Persistence paid off, and his medical waiver to return to flying came in March 2013.
"I joined ENJJPT class 13-07 and started right back in the T-38," he said. "My flight mates accepted me and made me feel like I had never left."
Air Force Lt. Col. Bryan Schrass the instructor pilot who flew with Hansen in the T-6 before his diagnosis, had been diagnosed with colon cancer around the same time as Hansen. He, too, returned to flying status a few months before Hansen did, and he was assigned to a new flight -- Hansen's new flight.
"It's really unheard-of," the lieutenant said. "Instructor pilots don't really switch airframes. He switched over and was assigned to the flight I was joining."
Hansen felt complete again sitting in the cockpit. Schrass and Hansen developed a kinship very few other pilots develop with the instructors who teach them to fly.
"It was a thrill for me," Hansen said. "He was someone who could relate to my story. It was a benefit I might not have gotten from a different instructor."
When assignment night came along, Hansen's dream of getting back into the cockpit was complete as he learned he was the only one in his class selected to fly the F-22 Raptor. His classmates rushed him from both sides and carried him on their shoulders.
"It was our No. 1 choice. I felt kind of like Rudy," Hansen said, referring to the protagonist in a movie about an undersized Notre Dame football player. "For me, this is the meanest airplane ever. I think there's a great future for that airframe, so it was a no-brainer for my wife and me."

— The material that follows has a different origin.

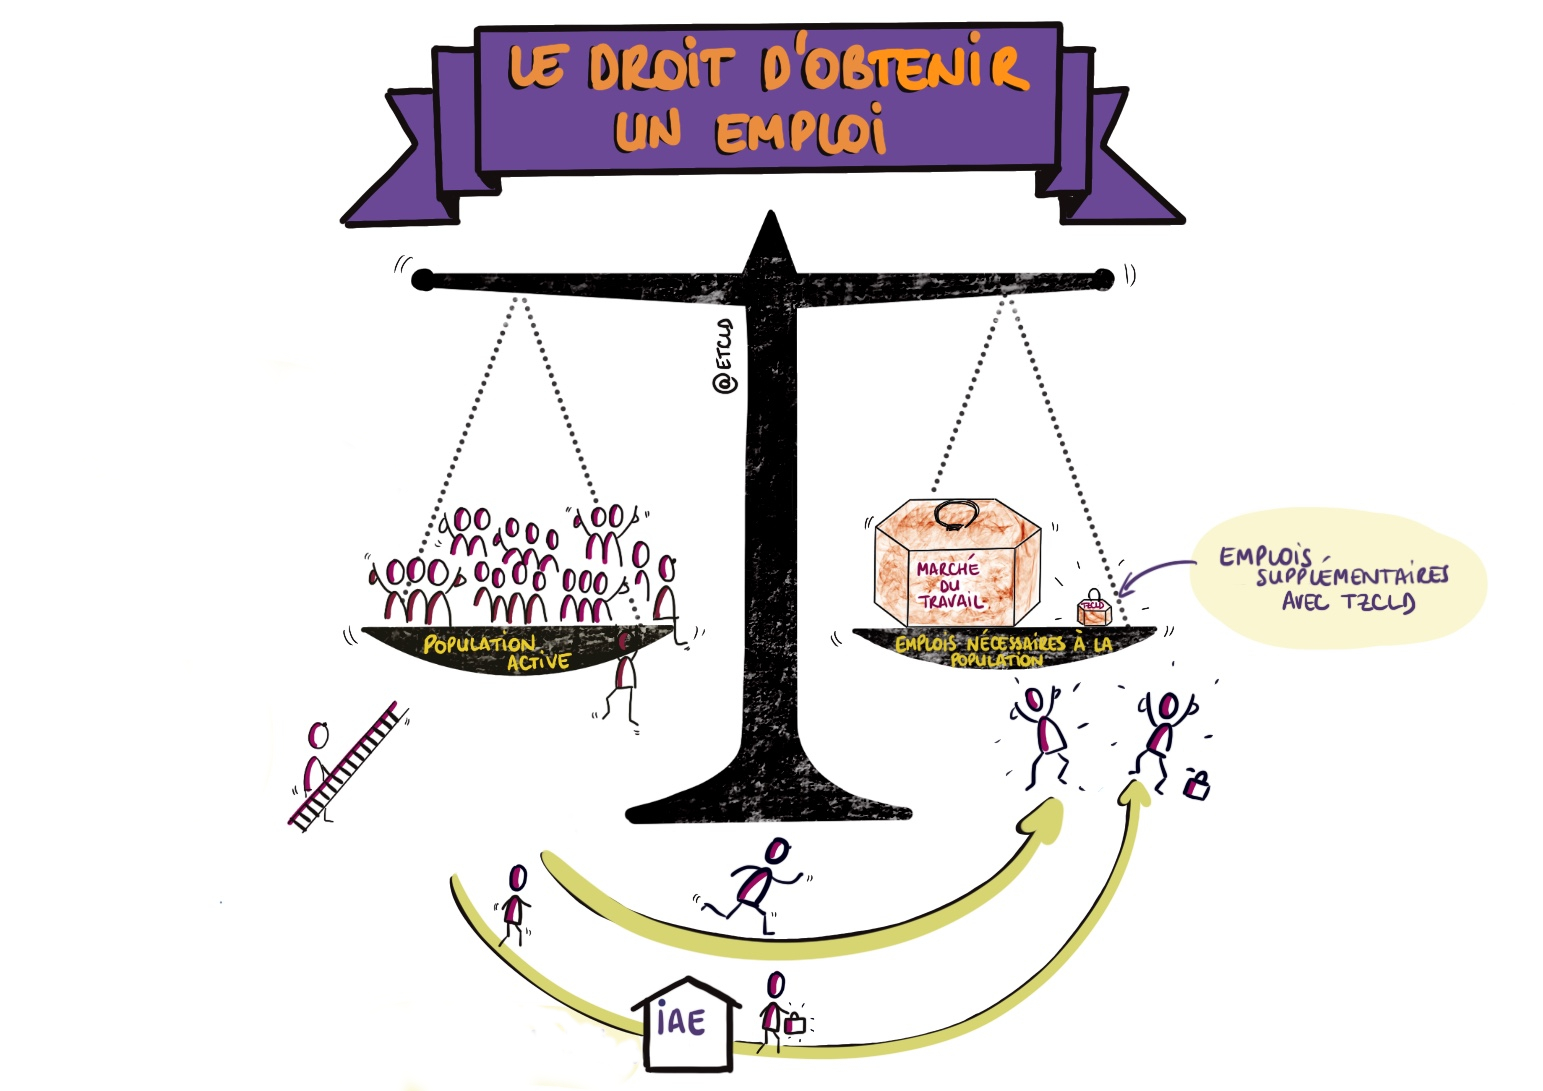 Balance Droit Obtenir un emploi

Hansen was named a distinguished graduate and received the Daedalian Award for top formation pilot, the Flying Excellence Award for the top overall flying score, and the Commander's Trophy for being the top graduate in his class.

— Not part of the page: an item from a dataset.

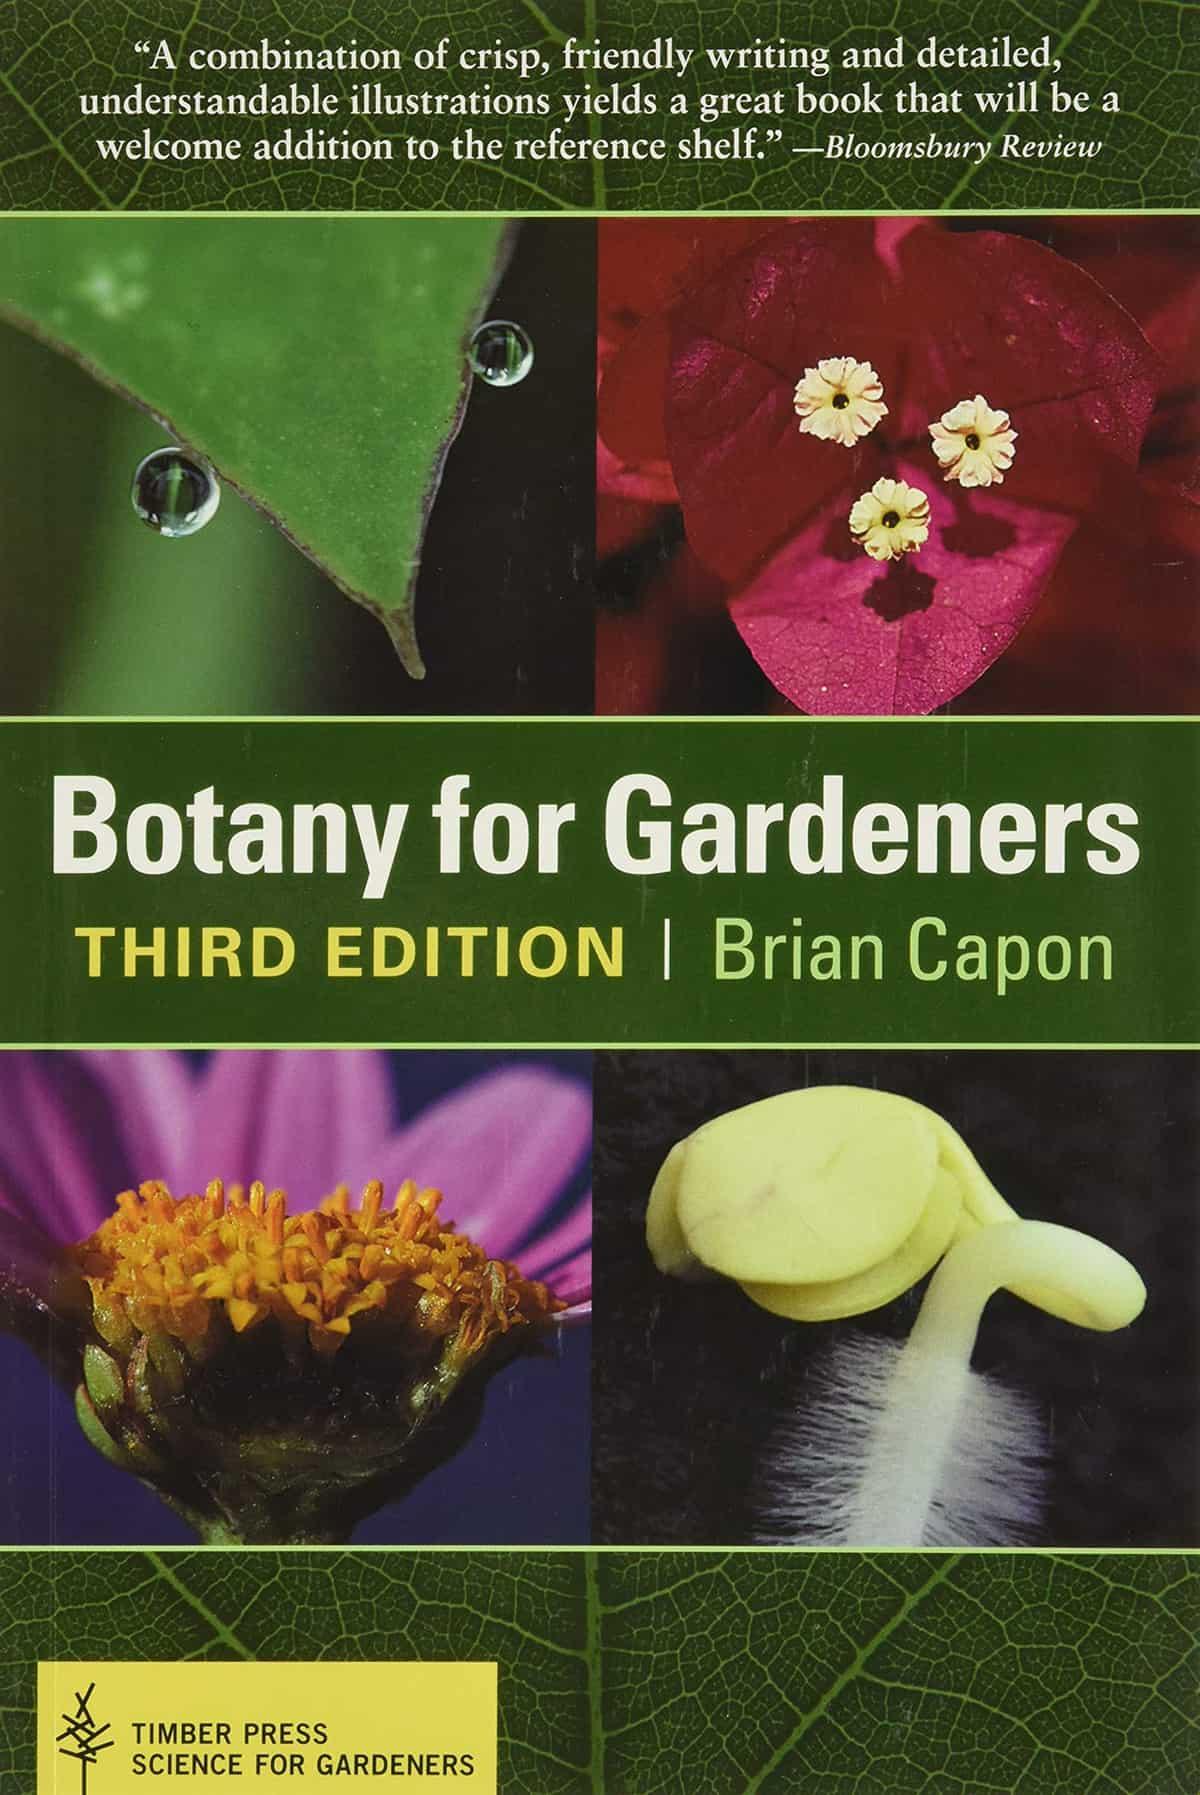 libro de botánica para jardineros brian capon

It's been nearly two years since his last radiation treatment, which according to his last scan wiped out the final traces of Hodgkin lymphoma. For Hansen, none of these dreams would have been possible without the support of those around him.
"I owe my life and career to everyone in the Sheppard community, and I will be forever grateful for the opportunity they have given me," he said. "I'm 30 now. A year ago, I was battling cancer. And now it feels like everything is falling into place."
Two days after graduation, he married the love of his life. Hansen will complete Introduction to Fighter Fundamentals here before heading to Tyndall AFB, Fla., to train in his dream fighter.
(Air Force Staff Sgt. Mike Meares contributed to this story.)